Determination of areas • Code File, June 2019
June 14, 2019 - When an authority having jurisdiction (AHJ) such as myself asks, “What is your area classification or designation?’ what are we really asking? Most people assume we are looking at a section 18 requirement for a hazardous location. There are, however, several sections in which a determination from a third party is required and, in most instances, it must be in writing.
By way of example: is there a hazard due to the equipment you are installing? More specifically, is there a hazard to people due to both the type of equipment and how it interacts with them? Is the process you are planning to perform creating an atmosphere that may interact with people, equipment or other process and lead to the failure of a piece of equipment?
We are asking what your process entails and what type of research and background information have you obtained regarding it. If you hired an electrical engineer, did they do their due diligence to ensure the process and the wiring methods are compatible?
If your customer is designing a health care facility, have they been in contact with the health authority or made a ‘determination of area’ in accordance with CSA Z32? Have they been made aware of the maintenance requirements under the choice of processes or wiring methods? As an inspector, if I don’t have the determination of areas in writing from the owner or health authority describing the patient care environment, then I must assume the worst-case scenario, which can be a disadvantage to the customer in terms of higher costs, especially if after the fact.
What about the installation of lighting in an area where, say, they have always done the painting this way and it hasn’t been a problem? Does this make it okay for the contractor to assume the area is normal?
This is the type of scenario where the contractor needs to look closely at the CE Code, get an engineer involved or call the inspector for a site visit. The intent is to save the customer money in the long term. Maybe it is a normal area, but if the contractor is questioning it, then there is a good chance the inspector will be questioning it as well.
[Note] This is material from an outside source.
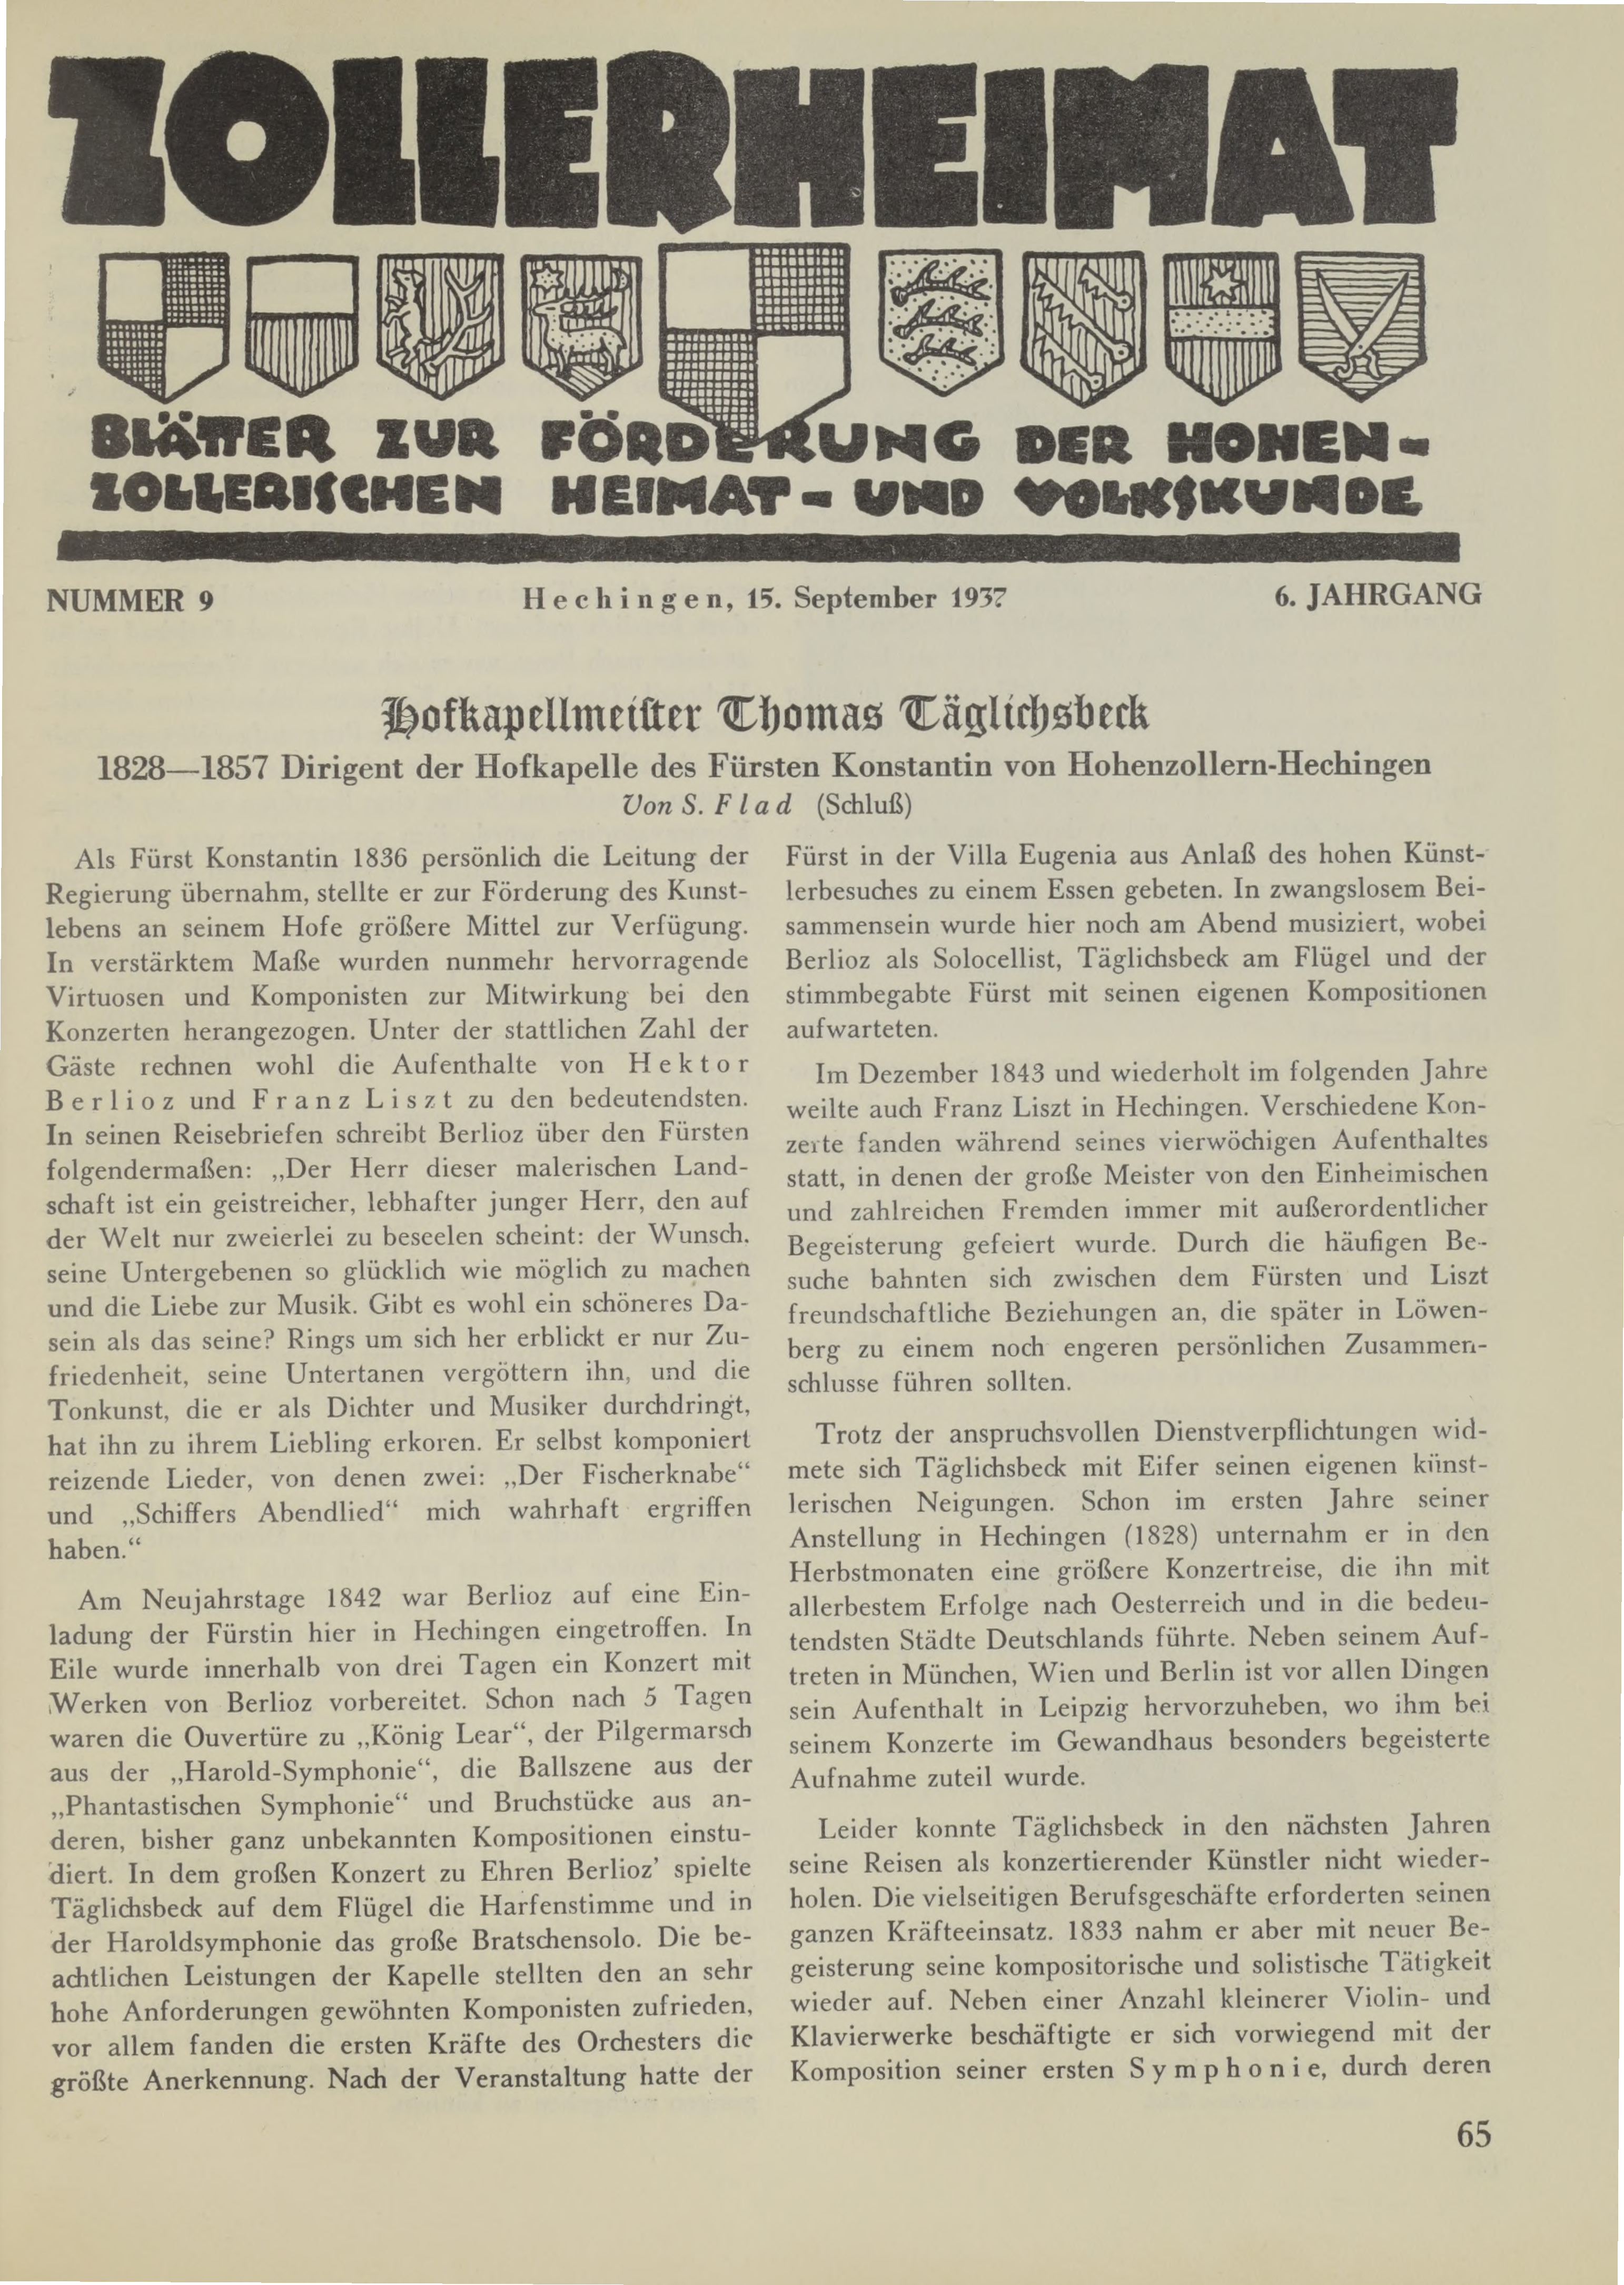                     Ansehen Bd. 6 Nr. 9 (1937): Zollerheimat

Replacing equipment and wiring after the fact will always be costlier, especially when paint lines get shut down, processes get backed up and more expensive equipment needs to be ordered and installed.
What we need to understand is to which section of the code the area would be referenced. If it falls under section 18 to 24, then we have specific rules that come into effect and we should immediately check if the area has been designated as a hazardous location, flammable liquid, propane, or gasoline dispensing location, paint booth, repair garage, bulk storage, corrosive location, wet location or patient care area.
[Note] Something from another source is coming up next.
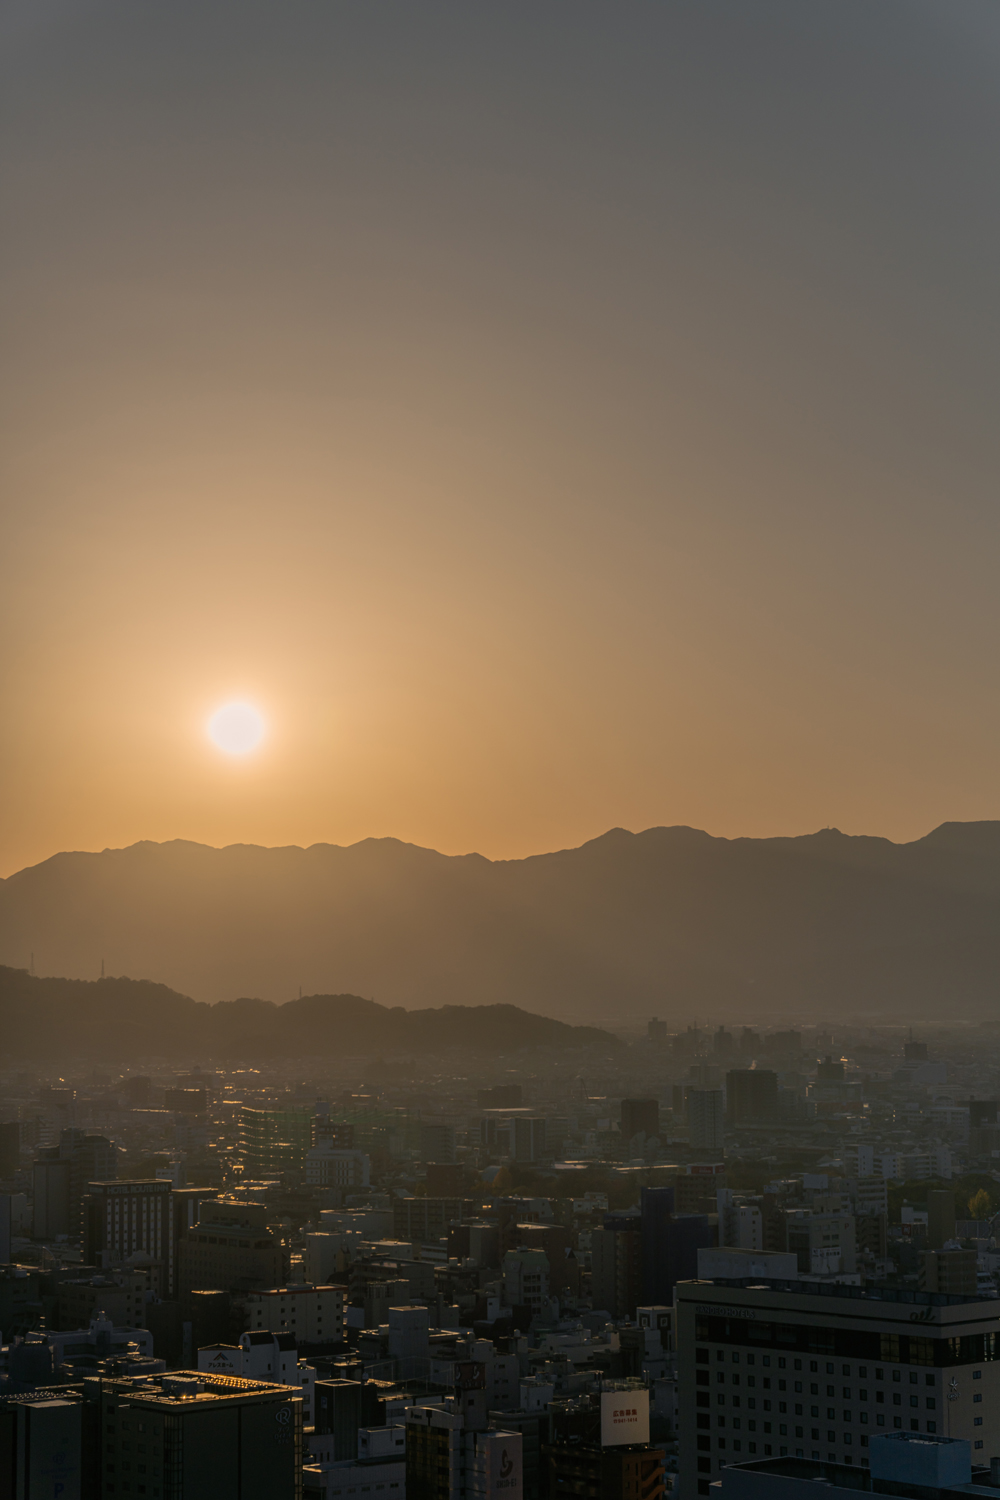 朝もやの松山 / Matsuyama in the Morning haze

Often, the answer is clear-cut in the code and no further questions need be asked. Examples include service stations, bulk storage plants and automotive paint mixing rooms.
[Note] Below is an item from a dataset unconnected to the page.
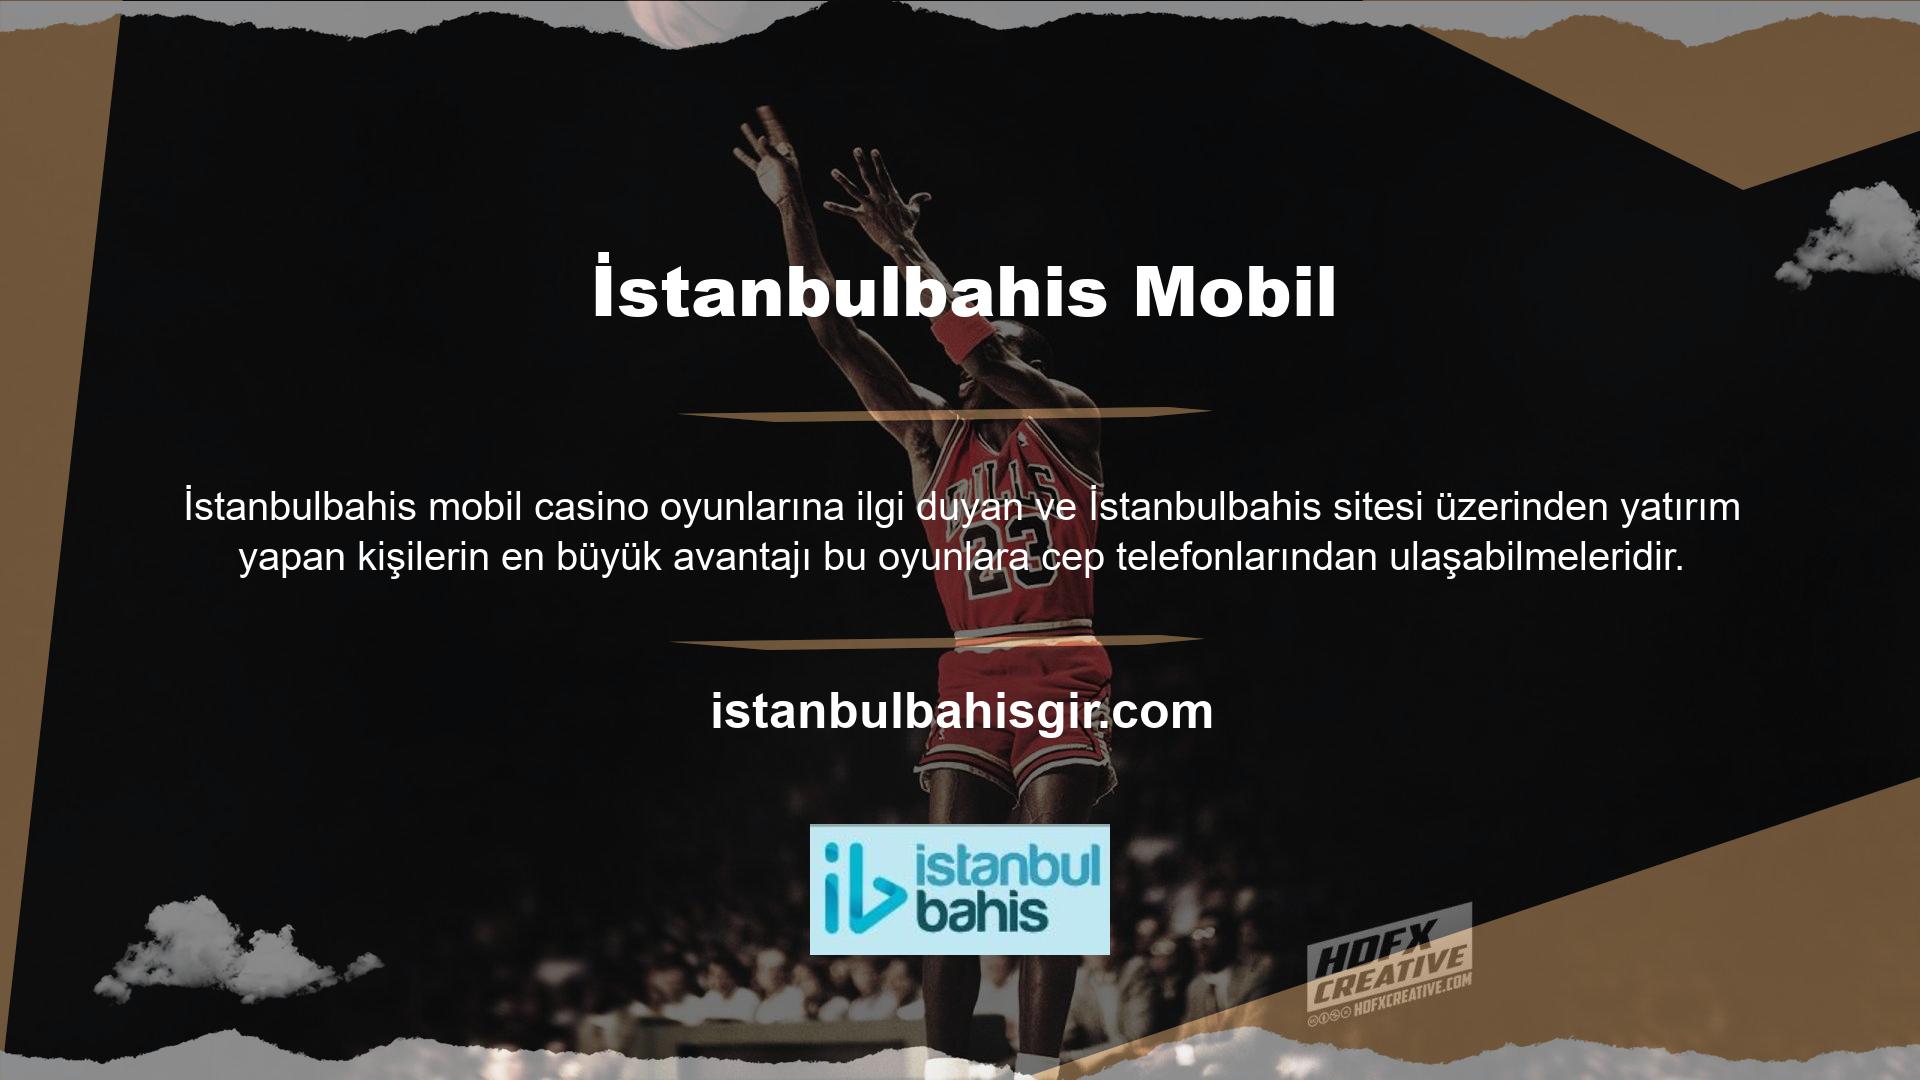 İstanbulbahis, çevrimiçi alanın her alanında en iyi altyapılardan birine sahiptir

Other times, however, there may be methods for mitigating hazards, such as poor ventilation, in which case the areas are no longer classified. And unless it is in writing that the hazard has been removed, inspectors will keep on the safe side and call it a hazardous location.
When engaging the services of an engineer, it is also important to ensure they understand what the process involves. The code is not a design document, but an installation document. With this is mind, Appendix L was added to provide guidelines engineers would require in performing hazardous area classifications. This section has been beneficial to many people who have wondered, “How do I do this? Where do I find the relevant information?’
Remember, if you aren’t sure, a quick call to your local AHJ could save you time and your customer money.